The previous example can be solved by using a write memory barrier before setting ValueIsReady to ensure that the write to GlobalValue actually gets written before ValueIsReady, ensuring that other threads will see the new GlobalValue before ValueIsReady is written.

False Sharing

Most multi-core architectures have a per-core cache, which is generally organized as an array of memory blocks, each with a power of two size (128 bytes, for example), called cache lines. When a core performs a memory access, the whole line is copied into the cache to hide the memory latency and maximize speed. False sharing occurs when two cores operate on different data that resides in the same cache line. In order to keep memory coherency, the system has to transfer the whole cache line across the bus for every write, wasting bandwidth and memory cycles. The solution to this problem is to make sure that the data is structured in a way that avoids this problem.
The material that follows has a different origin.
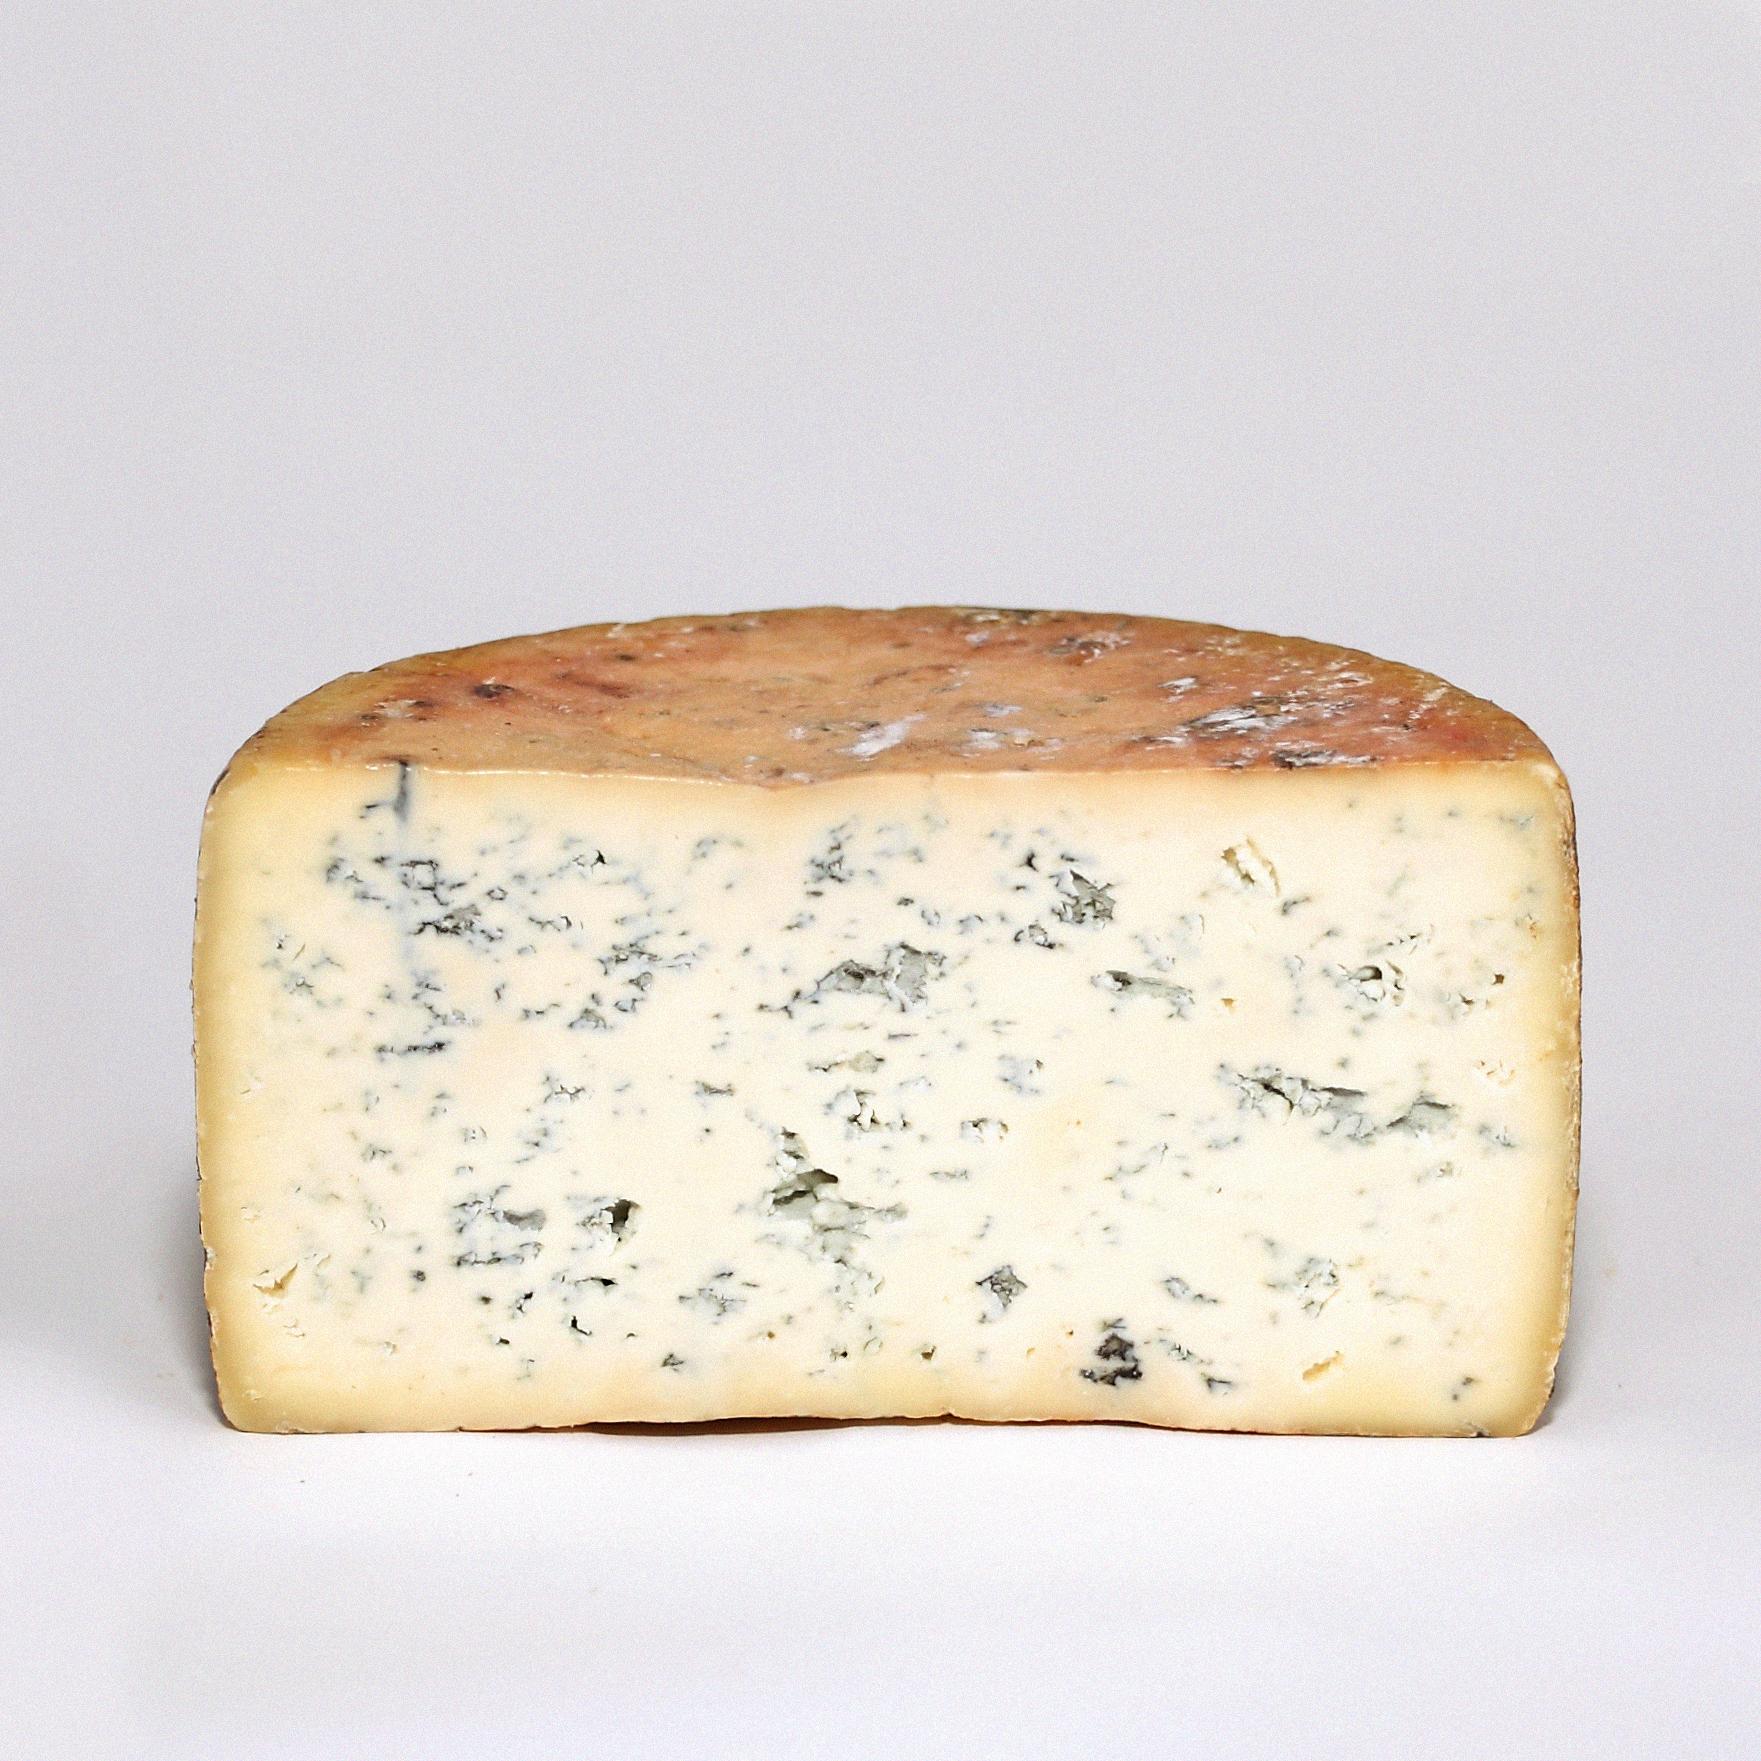 Italy Cow Gratin Bleu.JPG
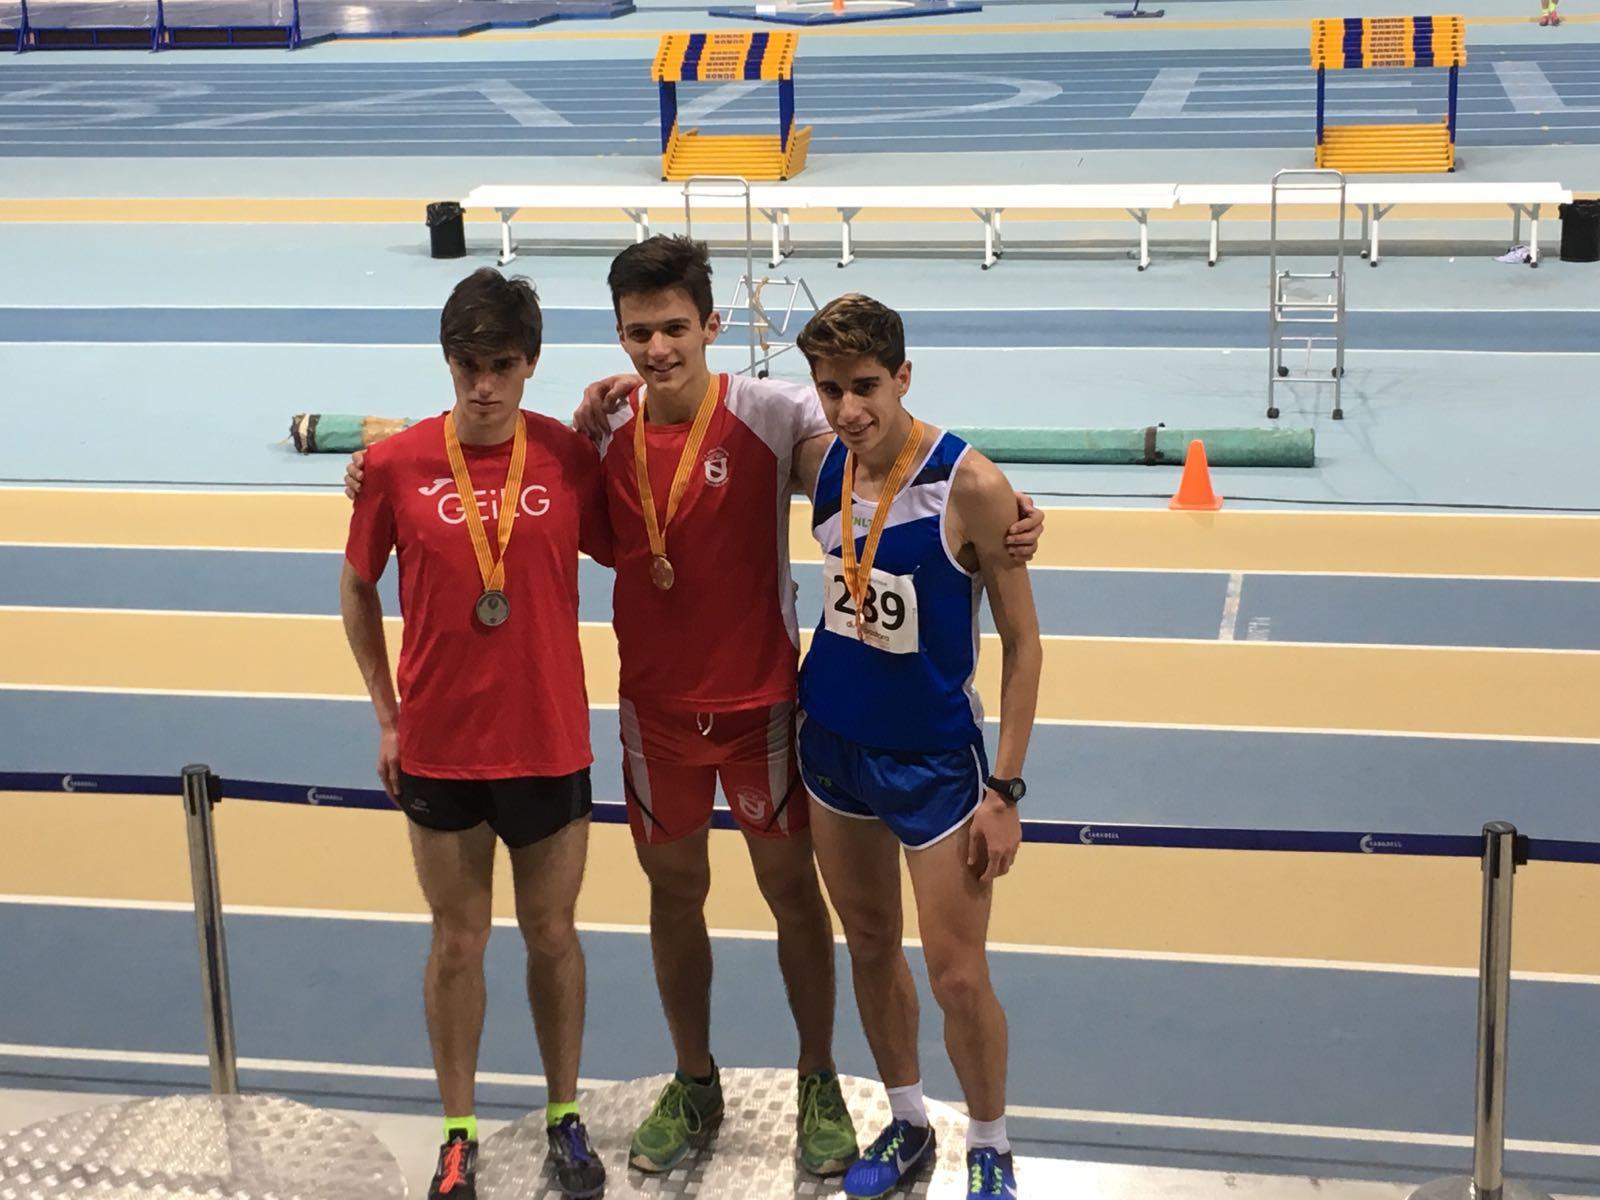 Campió de Catalunya Juvenil de Pista Coberta de 800 m.ll.

Memory Allocator Contention

Memory allocators can rapidly become a bottleneck in multi-threaded applications. Standard memory allocator implementations provided in the C run time (malloc/free) or even optimized and widely used allocators, such as Doug Lea’s dlmalloc [Lea00], aren’t designed to be used concurrently; they need a global lock to protect all calls, which inherently leads to false sharing. The design of a multi-processor’s optimized memory allocator is beyond the scope of this gem, but a good comparison of available multi-processor allocators can be found in [Intel07].

Idle Thread State

When a thread is idle, it is important that it doesn’t waste CPU cycles. Here’s some code we often see from a person writing multi-threaded code for the first time:

while(!HasWork())
{
    Sleep(0);
}

The Sleep(0) will make the thread give up the remainder of its time slice for other threads, which is fine. But, when it gets rescheduled, it will loop back, unnecessarily wasting CPU time (and multiple context switches) until it has work to do. A better solution is to put the thread in sleep mode, waiting for an event. This is achieved by using the CreateEvent and WaitForSingleObject functions. Waiting for an event essentially tells the operating system scheduler that the thread is waiting and shouldn’t get any CPU time until the event is triggered.

Thread Local Storage

It is possible to declare per-thread global variables using Thread Local Storage (TLS). The declaration differs from compiler to compiler, but here’s how it works under Visual Studio:

__declspec(thread) int GlobalVar;

Each thread now has its own GlobalVar variable copy. This can be especially useful for per-thread debugging information (such as the thread name, its profiling stats, and so on) or for custom memory allocators that can operate on a per-thread basis, effectively removing the need for locking.

Lock-Free Algorithms

A good introduction to such things is discussed in detail in [Jones05] and [Herlihy08]. Essentially, these algorithms are pieces of code that can be executed by multiple threads without locking. This can lead to enormous speed gain for some algorithms, such as memory allocators and data containers. For example, a lock-free queue could need to be safe when multiple threads push data into it, while multiple threads also pop data at the same time. This is normally implemented using CAS functions. A complete implementation is available on the CD.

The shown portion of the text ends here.